Principle 3: Economic Mobility and Meaningful Employment

 

The pathway to lasting reintegration begins with economic opportunity.

Employment is one of the strongest predictors of successful reentry, yet people with criminal records face a complex web of legal, structural, and societal barriers that block access to meaningful, stable work. From occupational licensing restrictions to employer biases and overwhelming debt burdens, these barriers not only hinder individual progress but also undermine public safety and workforce development efforts.

This principle outlines strategies to expand access to employment, improve job readiness, engage employers in second-chance hiring, and reduce financial penalties that trap people in cycles of poverty and incarceration. When reentry and workforce development strategies are aligned—and laws, licensing boards, and employers support fair chance practices—states can unlock the potential of returning people and strengthen their communities and economies in the process.

A. Examine collateral consequences in licensing and hiring decisions.

  • Review mandatory collateral consequences to determine where they can be removed or converted into discretionary ones, establishing a presumption in favor of hiring or licensing and ensuring robust procedural safeguards that give individuals with criminal records every opportunity to demonstrate their qualifications and job readiness.
    • See Vermont Order of Limited Relief: Allows an individual to petition for an order of limited relief if granting the petition meets certain conditions including if it will help the individual obtain/maintain employment, education, housing, benefits, or occupational licensing.
    • See AL SB 138: Encourages second-chance hiring by granting employers limited immunity from liability when hiring individuals with court-issued orders of relief.
  • Limit how long consequences remain in effect, particularly mandatory ones.
  • Review the offenses that trigger each collateral consequence to determine whether they have clear public safety implications in the context of the job at issue and eliminate the triggering offenses that do not.
    • See Wisconsin Fair Employment Act: Requires a licensing agency to justify in writing the denial or revocation of a license based on a conviction.
  • Require licensing boards or agencies to provide specific guidance for individualized consideration of applicants with convictions.
  • Require licensing boards or agency decision-makers to apply a “direct relationship” test and identify the significant public safety implications that could arise if a convicted person participates in the specific tasks, duties, and obligations of the job or licensed activity at issue. (“Direct relationship” tests occur when decision-makers determine whether the circumstances of the underlying crime(s) are substantially similar to the responsibilities held by the license or job that the candidate has applied to perform.)
    • See Michigan Compiled Laws § 338.42: Legislative policy outlining circumstances in which a licensing board may consider an individual’s criminal history, including if the offense “has a direct and specific relationship.”
  • Develop policies that employers and licensing bodies can use to clearly explain how convictions are factored into decision-making in application materials and other resources.

B. Integrate reentry and workforce development strategies.

  • Prepare people for employment success by teaching basic technology skills; crafting resumes; offering interview trainings and access to free interview-appropriate clothing; and assembling documentation of all certificates, degrees, and skills acquired prior to release.
    • See Michigan’s Vocational Village: A Department of Corrections–led, campus-style training model that delivers industry-recognized credentials and hands-on workforce training inside prisons, aligning participants with in-demand occupations and connecting them to employment opportunities upon release.
  • Create and adapt education, training, apprenticeship, work release, and employment programs that connect people with records to industries offering good, sustainable jobs—especially in sectors with worker shortages and few hiring barriers.
  • Ensure that people who are incarcerated earn equitable wages for employment while in prison.
    • See Maine’s expanded work-release and fair-wage employment models: Maine’s Department of Corrections offers work-release programs that let eligible residents earn community wages for jobs in the community, with earnings used for room/board, fines, fees, personal expenses, and savings in preparation for reentry.

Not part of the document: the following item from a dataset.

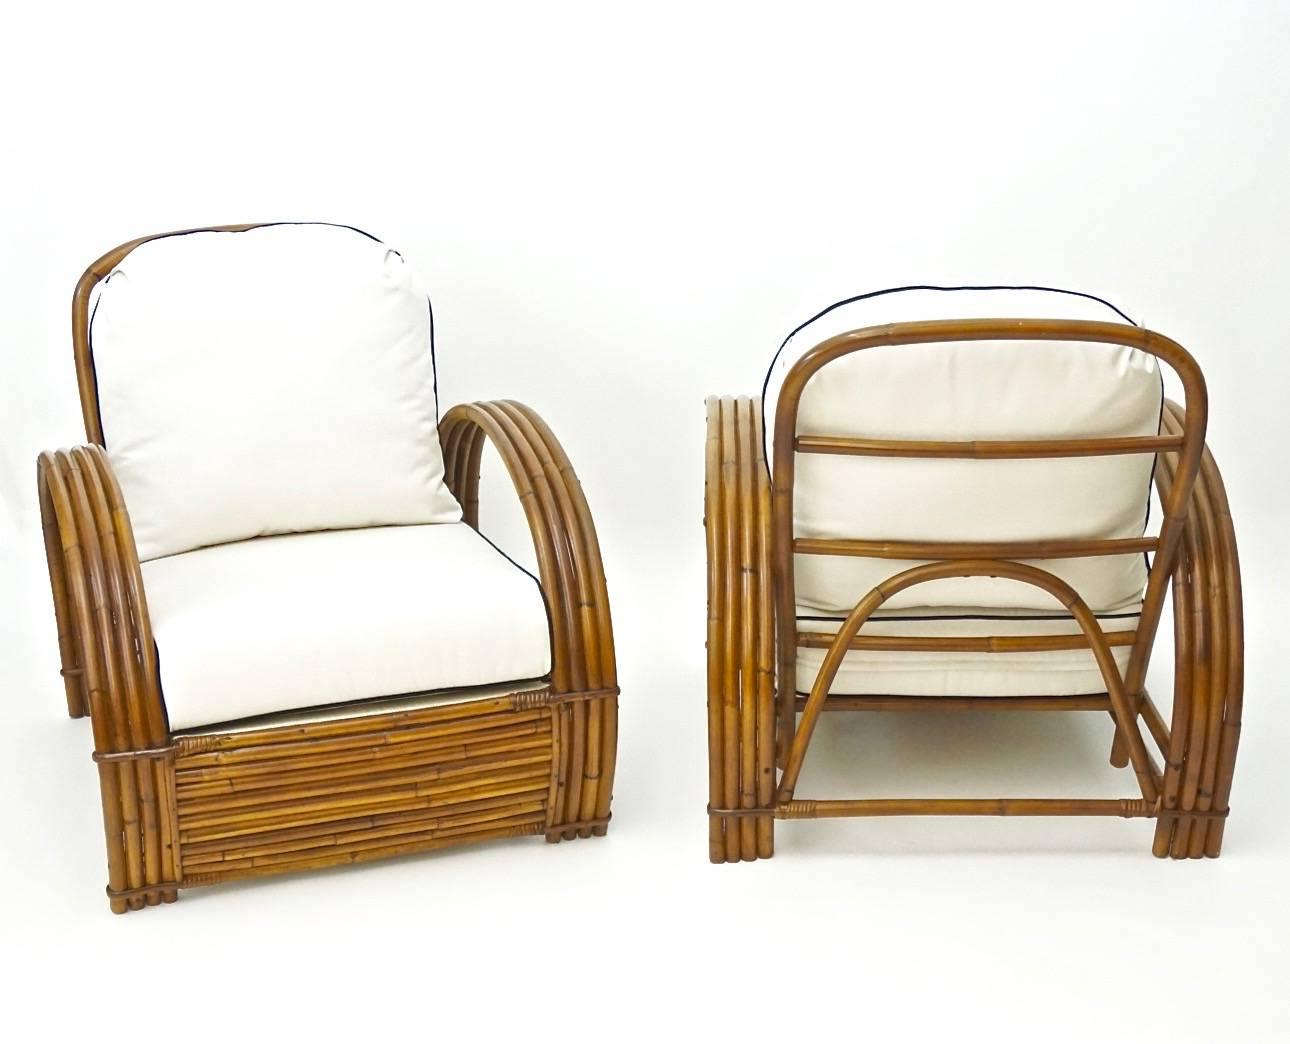 Pair of Rattan Lounge chairs and Ottoman with new-made Sunbrella Fabric cushions. Creme with black piping. Indoor/outdoor fabric.

20% OFF listed prices on all our items Nov. 1-30.

Maine has also implemented remote work opportunities paying industry-standard wages to incarcerated workers with secure oversight and job training.

C. Engage employers in hiring people with criminal records.

  • Identify employers willing to hire people with criminal records and engage them in educating other employers and addressing their concerns.
    • See Second Chance Business Coalition (National): Example of a cross-sector coalition comprising private employers committed to promoting second chance hiring within their companies; the website includes tools and resources to successfully implement hiring programs.
  • Hold in-person and virtual job fairs in state correctional facilities where prospective employers can speak and share opportunities with people who are incarcerated.
    • See Indiana Hoosier Initiative for Re-Entry: Collaborative, nationally recognized virtual job fair offered in five prisons, featuring several employers who delivered presentations highlighting available positions for hire.

D. Minimize debt accrual.

  • Pause child support while parents are incarcerated to avoid the accrual of excessive debt that can be detrimental to successful reentry and impractical to collect. Child support debt averages $20,000–$36,000 for returning parents, which is much higher than average support debt of non-incarcerated low-income parents.
  • Eliminate court-imposed fees for supervision and programming, such as drug testing, treatment programs, and electronic monitoring.
  • Eliminate interest charges for people with legal financial obligations who are incarcerated.
    • See Washington House Bill E2SHB 1783: Bill that outlaws accrual of interest on non-restitution legal financial obligations; also outlines conditions under which the court may waive or reduce interest on the restitution portion of legal financial obligations.
  • End the practice of sending fines and fees debt to private collection agencies.

Resources

Principle 4: Pre- and Post-release Educational Opportunities

 

Education is one of the most transformative tools available to individuals during and after incarceration.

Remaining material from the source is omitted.